Whether 'tis nobler in the mind to suffer

The asphyxiation and lunacy of the outrageous Fauci,

Or to take arms against a sea of deep-state and big-tech oligarchs

And by opposing end them.


To die—to sleep,

No more; and by a sleep to say we/they/them end

The heartache and the thousand executive usurpations

That tranny is heir to: 'tis a consummation

Devoutly to be wish'd.


To die, to sleep;

To sleep, perchance to dream—ay, there's the socially-distanced rub:

For in that sleep of death what dreams may come,

When we/they/them have shuffled off this mortal coil,

Must give we/us pause—there's the respect

That makes calamity of so long life.


For who would bear the whips and scorns of time,

Th'oppressor's wrong, the proud non-binary collective’s contumely,

The pangs of dispriz'd love, the law's corrupted delay,

The insolence of office, and the spurns

That patient merit of th'unworthy takes,

When he/him/his self might their quietus make

With a bare and gleaming hypodermic?

Who would the scornful multitude

O’social-platforms bear,

To grunt and sweat under a weary culture canceled,

But that the dread of something after death,

The undiscovere'd country, from whose bourn

No traveler returns, puzzles the will,

And makes us/they/them rather bear those illegitimate mandates we/us here receive

Then fly to others that we/us know not of?
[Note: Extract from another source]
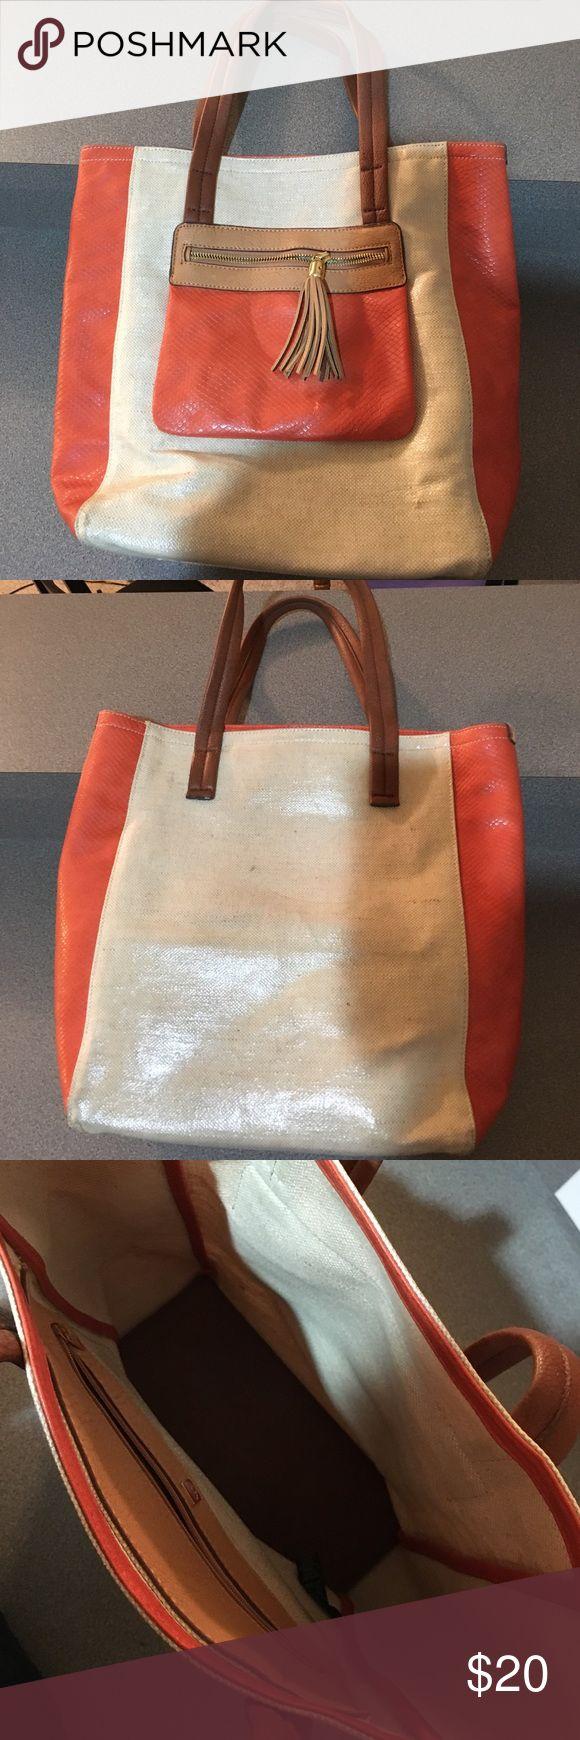 Orange and cream shoulder bag Perfect shoulder bag for work or play! Relic Bags Shoulder Bags

Thus, wokeness and compliance alike doth make cowards of us/we all,

And thus the native hue of resolution

Is sicklied o'er with the pale cast of thought and consideration of yet

another booster,

And enterprises of great pith and moment

With this regard their currents turn awry

And lose the name of action.


…Woe the ever-elusive quest for defined fullness of vaccination..."
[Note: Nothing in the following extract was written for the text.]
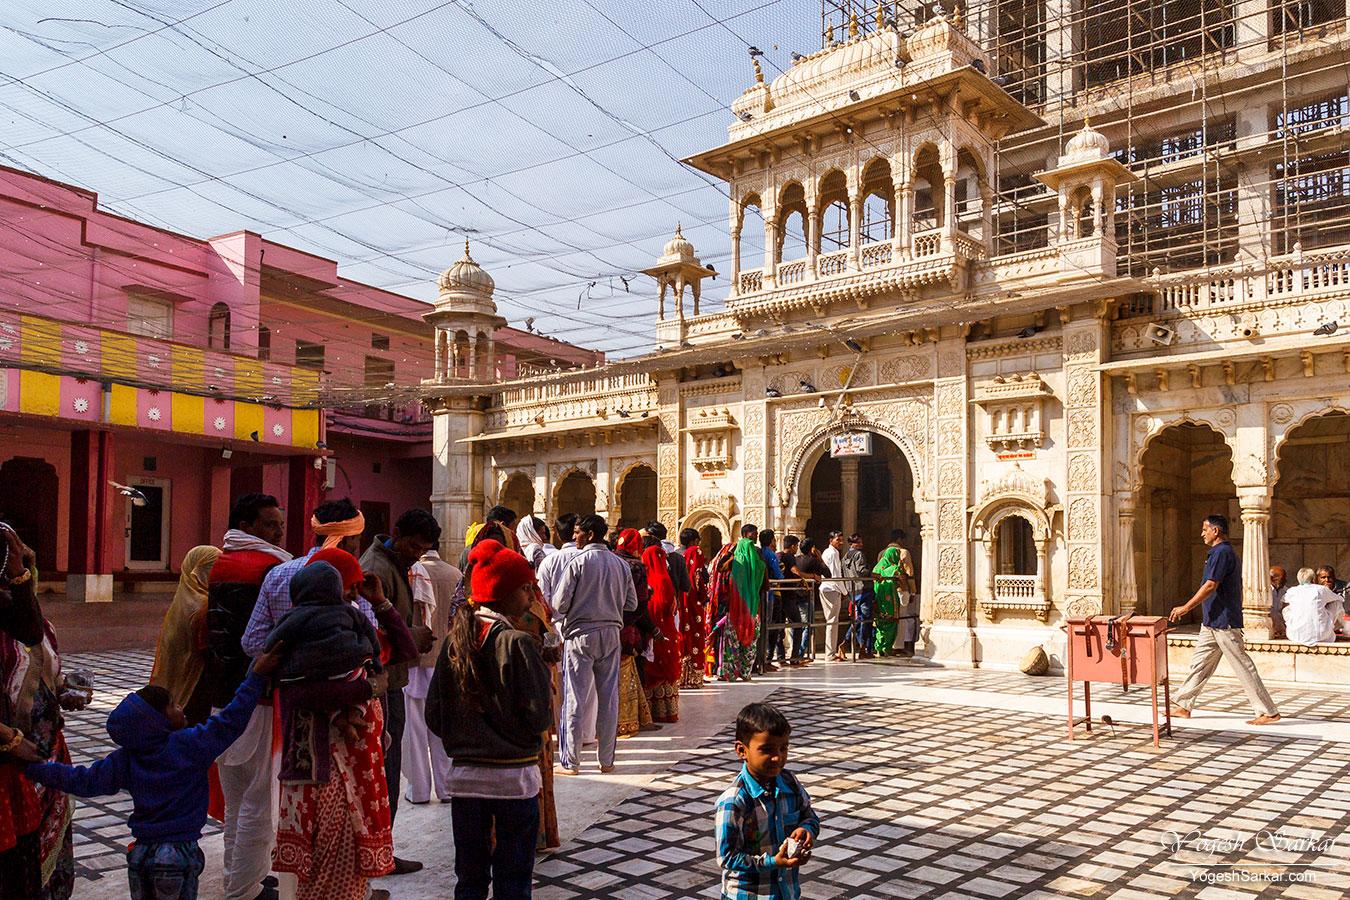 21-crowd-at-karni-mata-temple.jpg

With this trailing comment thinly echoing in the cavernous auditorium, an unlicensed FEMA nurse, wearing a lab coat, mask, face shield, blue nytril gloves and clunky high heels, noisily enters stage-left carrying a grotesquely oversized hypodermic needle bearing the number 6 and 66. The spotlight fades, the curtain drops, and a deathly silence holds sway over the audience… somewhere in the darkness a single female voice stifles a muffled-cough through she/her/their triple-layered mask and her entire row frantically tries to exit the theater.